Вот и сейчас она не чувствовала необходимости в том, чтобы привязываться к этому дому и к его хозяину. Она ведь была в тягость для него, как, впрочем, и для всех.
Холли все еще испытывала те невероятные ощущения блаженства, которые подарил ей Юлий. Никогда с ней не происходило ничего подобного. Едва он прикоснулся к ней, она сразу же оказалась на седьмом небе. Но он оставался с ясной головой, держа все под контролем. Она даже предложила доставить ему удовольствие, но он отказался.
Холли до сих пор не понимала, почему сделала это – предложила ему заняться оральным сексом. Она же ненавидела это. Запах мужской спермы вызывал у нее, как правило, тошноту.
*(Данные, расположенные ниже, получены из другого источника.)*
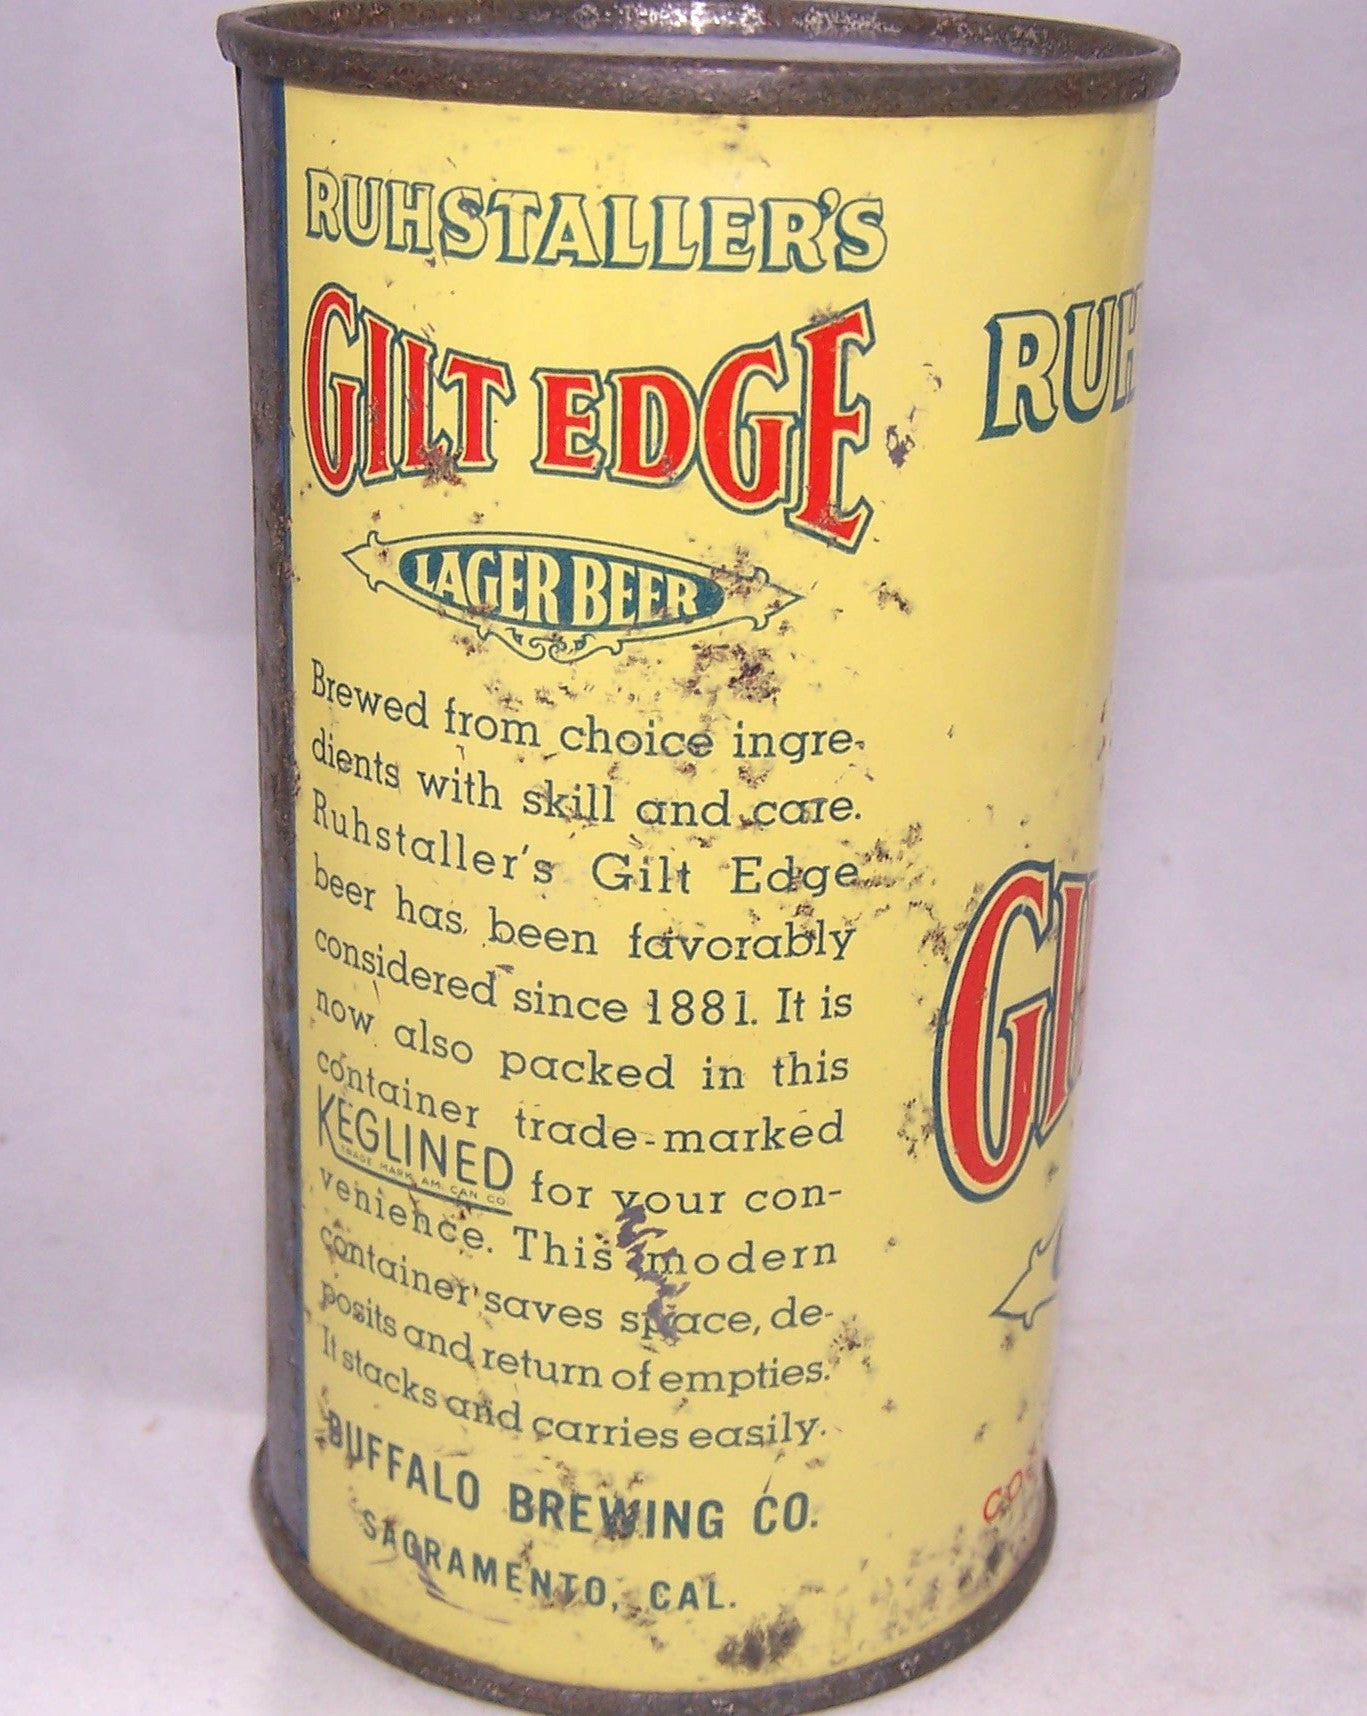 Ruhstaller's Gilt Edge Lager Beer, Lilek #336, Grade 2/2+ Sold 11/19/16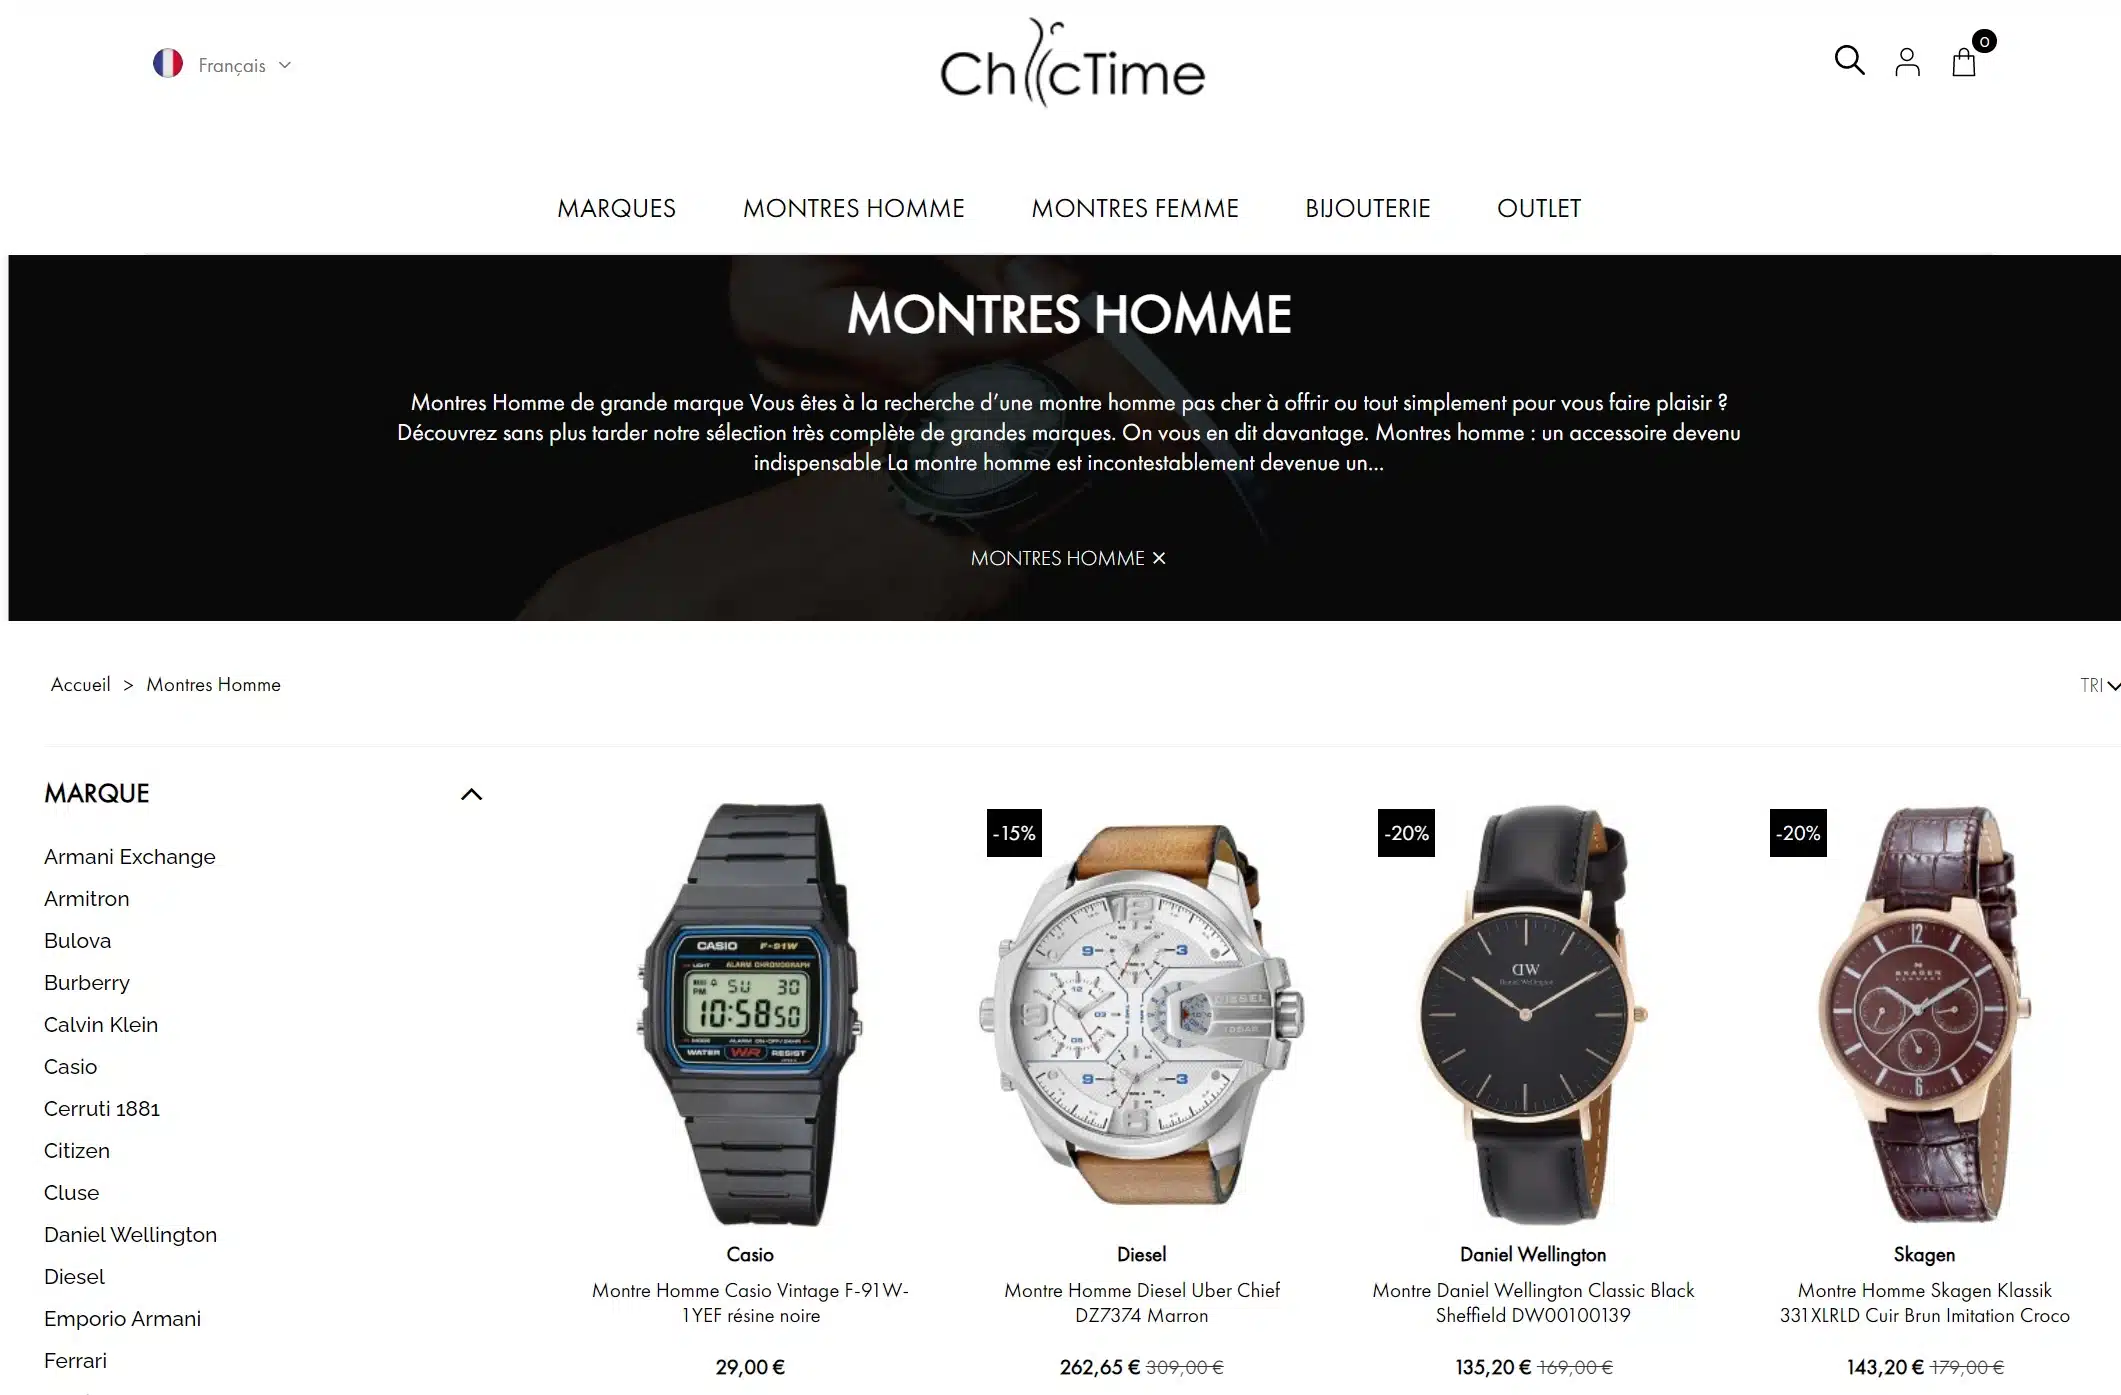 Meilleurs sites pour acheter une montre - ChicTime

Но с Юлием все было по-другому.
Его запах был свежим, опьяняющим, совсем не тем привычным, вызывавшим отвращение. И она хотела его, хотела изучать, доставлять ему удовольствие. Но он не настаивал и не давил.
Он доставил ей удовольствие, не ожидая и не прося ничего взамен. Даже сейчас она продолжала чувствовать теплые волны наслаждения, проходящие через ее тело, пробуждающие другие потребности. Потребности, которые жаждали быть удовлетворенными. Что-то изменилось в их отношениях, но она не могла точно сказать что. Но никто раньше не верил ей. Никто.
Когда на следующее утро Холли спустилась в гостиную, чтобы накрыть завтрак, София уже была там.
– Я собираюсь провести несколько дней с сестрой, – сказала она, – вы хорошо здесь справляетесь, и я подумала, что могу уехать. Мария заберет меня через несколько минут.
– А что сказал Юлий? – нахмурилась девушка. – Я имею в виду, что вы оставляете меня за главную?
– Он и предложил это.
– Серьезно? – Девушка нахмурилась еще сильнее. – А что скажет Наталья? Разве вы не должны наставлять меня?
На лице Софии появилось обеспокоенное выражение.
– Вы думаете, что мне не надо ехать? Я могу все отменить. Уверена, сестра не будет возражать.
– Нет, не нужно.
– Сеньор Равенсдейл несет полную ответственность за вас, – сказала София. – Я здесь в качестве наставницы, которая вам и не нужна. Вы во многом более компетентны, чем я. Ваши блюда просто отменны. Я должна брать у вас уроки кулинарии.
– Да, легко готовить вкусности, когда под рукой высококачественные продукты.
София улыбнулась:
– Вы не могли бы отнести сеньору Равенсдейлу его завтрак? Он сейчас в маленькой столовой наверху.
– Конечно.
– А вот и Мария приехала. – И еще раз улыбнувшись на прощание, София ушла.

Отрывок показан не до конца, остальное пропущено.